Laboratory setup (a) Schematic of the setup, in which X-rays are generated by a liquid-metal jet microfocus source. Depending on the ratio between the source-to-object and object-to-detector distances, it is either implemented in a cone-beam geometry or an inverse geometry imaging mode. (b) Image of an absorbing test pattern with 800 nm lines and spaces, together with the corresponding line profile along the structure (width: 50 px). (c) Close-up of a detached (mouse) cerebellar vermis and mounting of the sample in a pipette tip. (d) Typical empty-beam corrected projection of the sample in inverse geometry, with a line profile (width: 5 px) along an edge to illustrate the edge-enhancement effect. For a better signal-to-noise ratio, the projection has been resampled by a factor 2. (e) Reconstruction of the intensity distribution using the BAC algorithm. The line profile shows the advantage of the phase retrieval as the edge-enhancement is removed while simultaneously the signal-to-noise ratio increases. Scalebars: (c) 1 mm and (d,e) 250 μm.

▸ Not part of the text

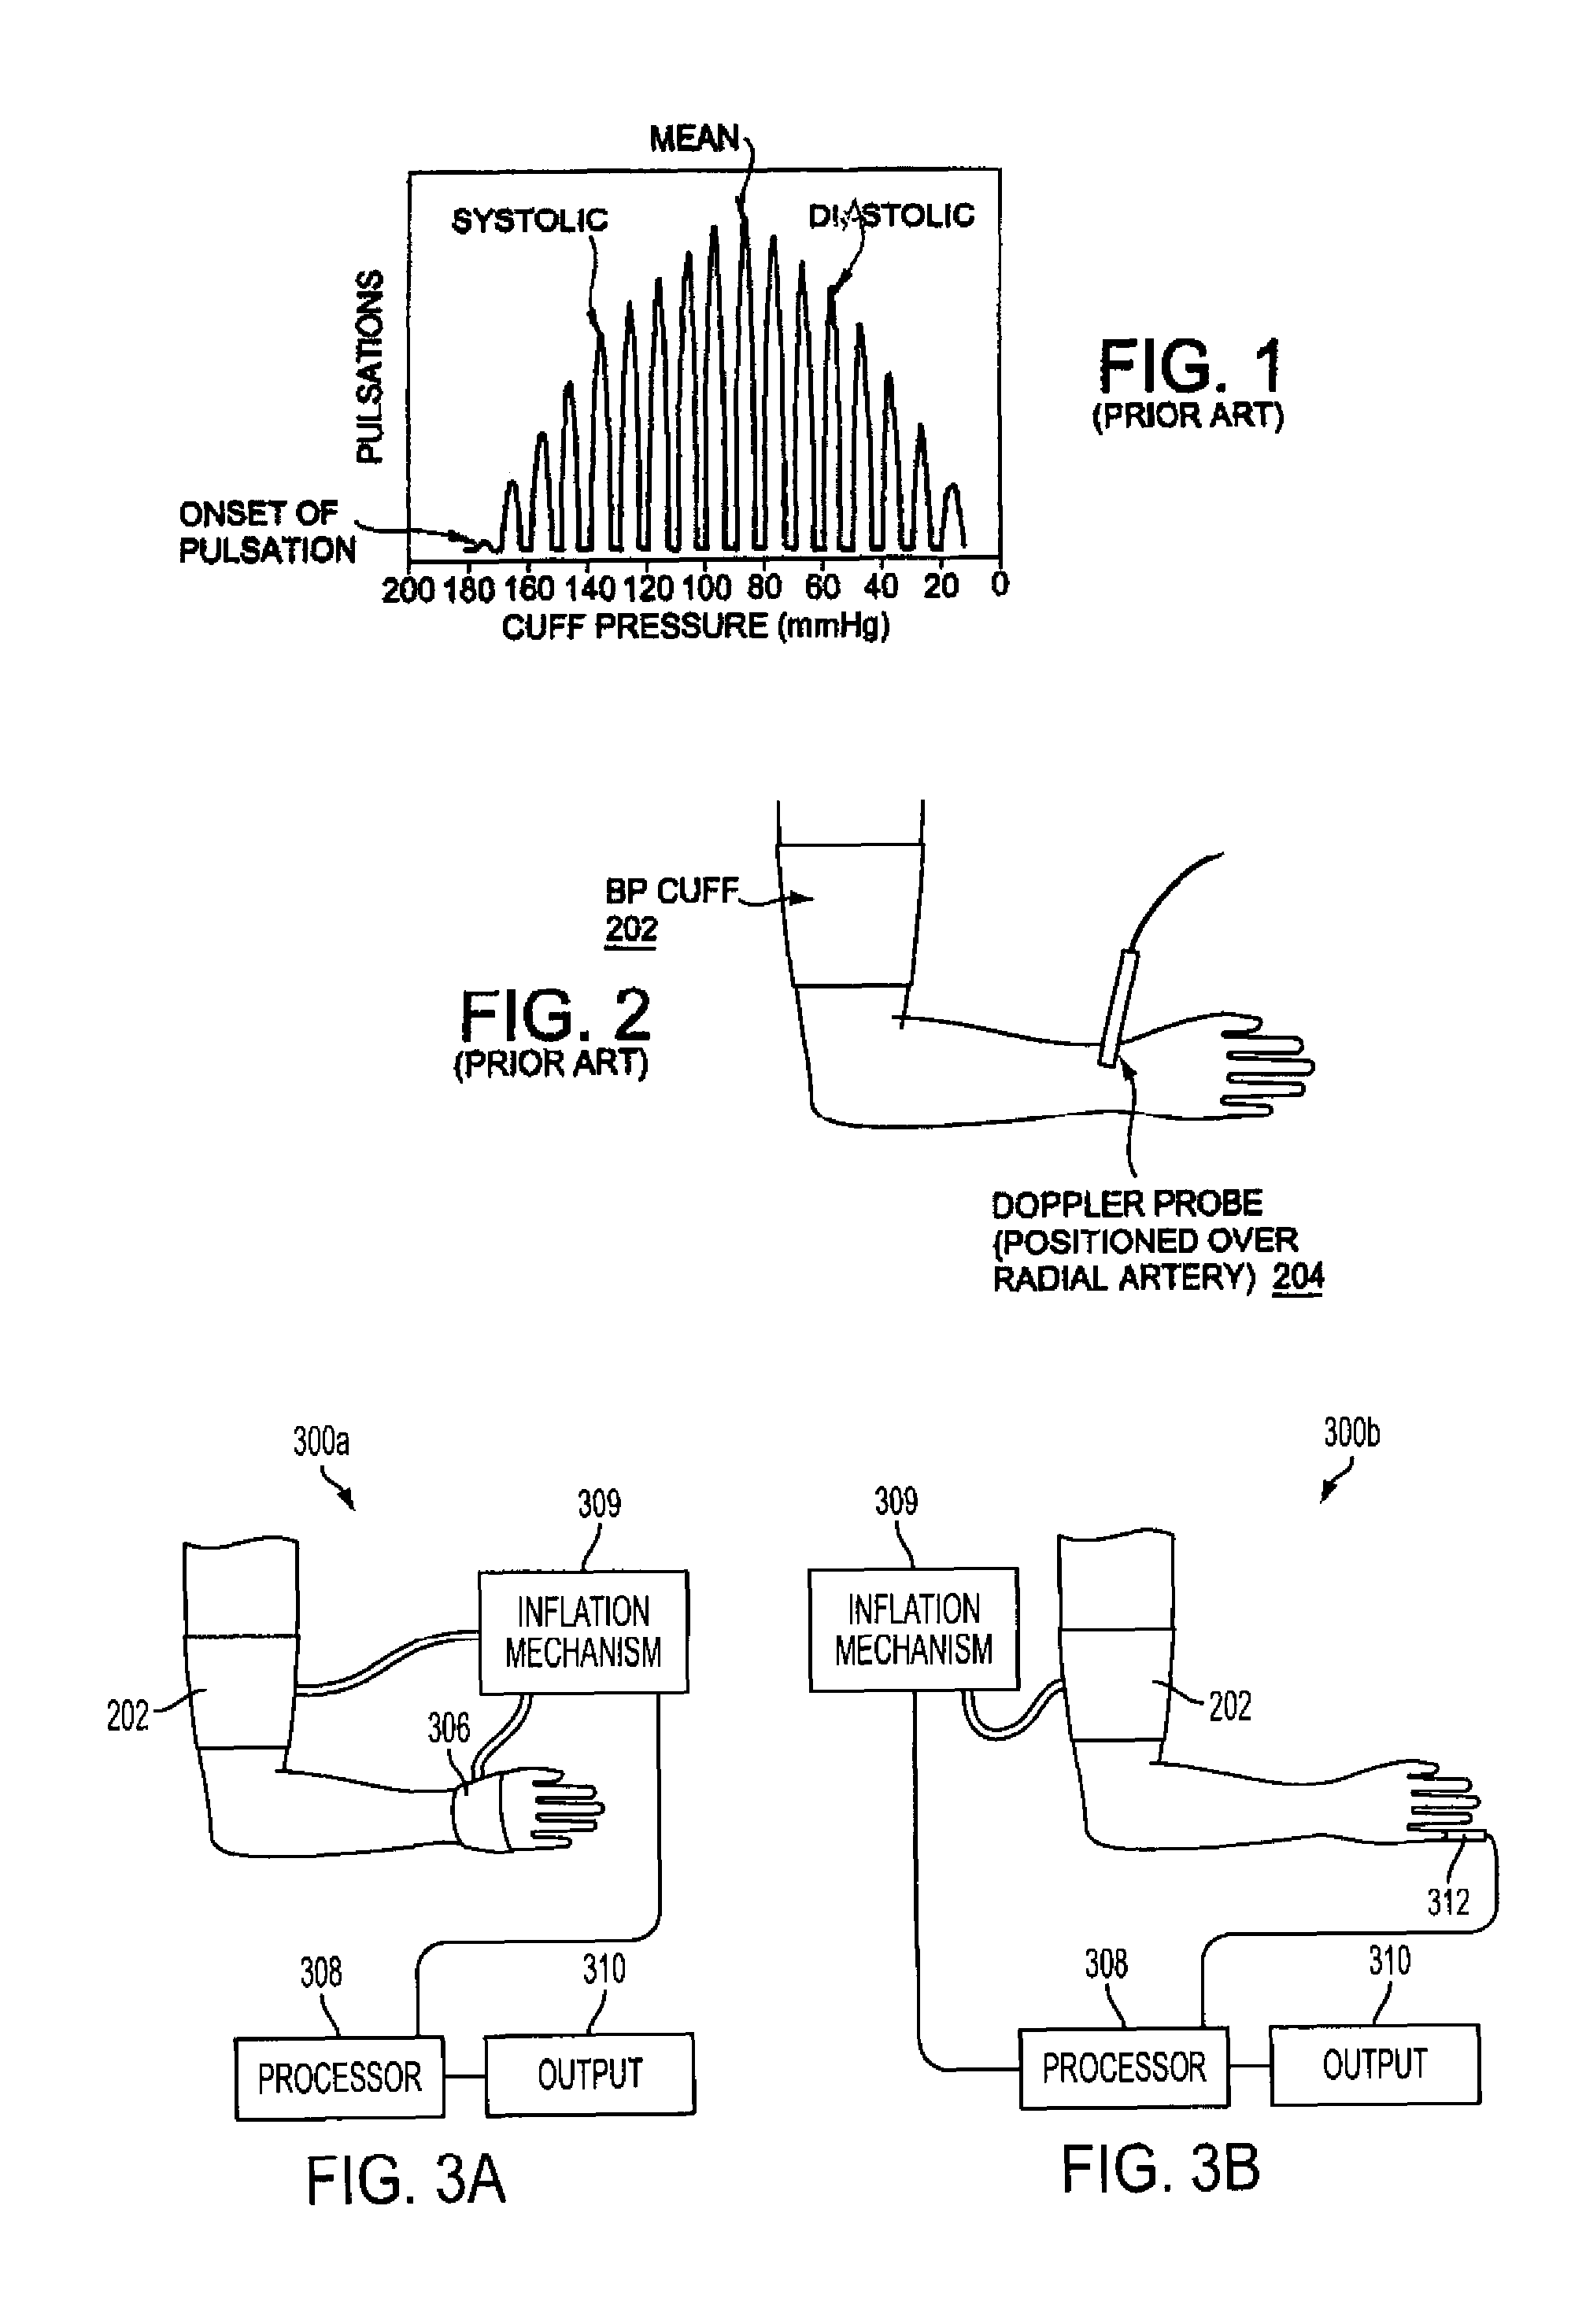 Device for non-invasive measurement of blood pressure and ankle-brachial index

In a setup consisting of a point-like source the required high resolution of the imaging system can either be achieved via a high geometrical magnification M (z1z2) and simultaneously smaller lateral source dimensions, allowing for measurements with selectable zoom and resolution25, or via a lower magnification (z1z2) and smaller detector PSF17,26. Although the minimal source dimensions in modern nano- and microfocus sources are becoming impressively small, the limitations in flux for these small spot sizes lead to unfeasible exposure times for biological specimens. Liquid-metal jet sources on the other hand have a high flux but cannot provide the sufficient spot sizes to compete with the PSF of lens-coupled detector systems. Therefore we turn to the second approach, which we denote as the inverse geometry (Fig. 1a). In this mode the blurring due to a finite focal spot size, also known as the penumbra blur, is minimized as the sample-to-detector distance z2 is small compared to the source-to-sample distance z1. The resolution is in this case limited by the detector pixel size as well as vibrations in the setup and the highest resolution achieved with the imaging system presented here is about 800 nm in 2D, as qualitatively determined by a test pattern (Fig. 1b). Complementing this high resolution setting, the setup can also be employed in a lower resolution cone-beam geometry mode, allowing for overview scans with a larger field of view.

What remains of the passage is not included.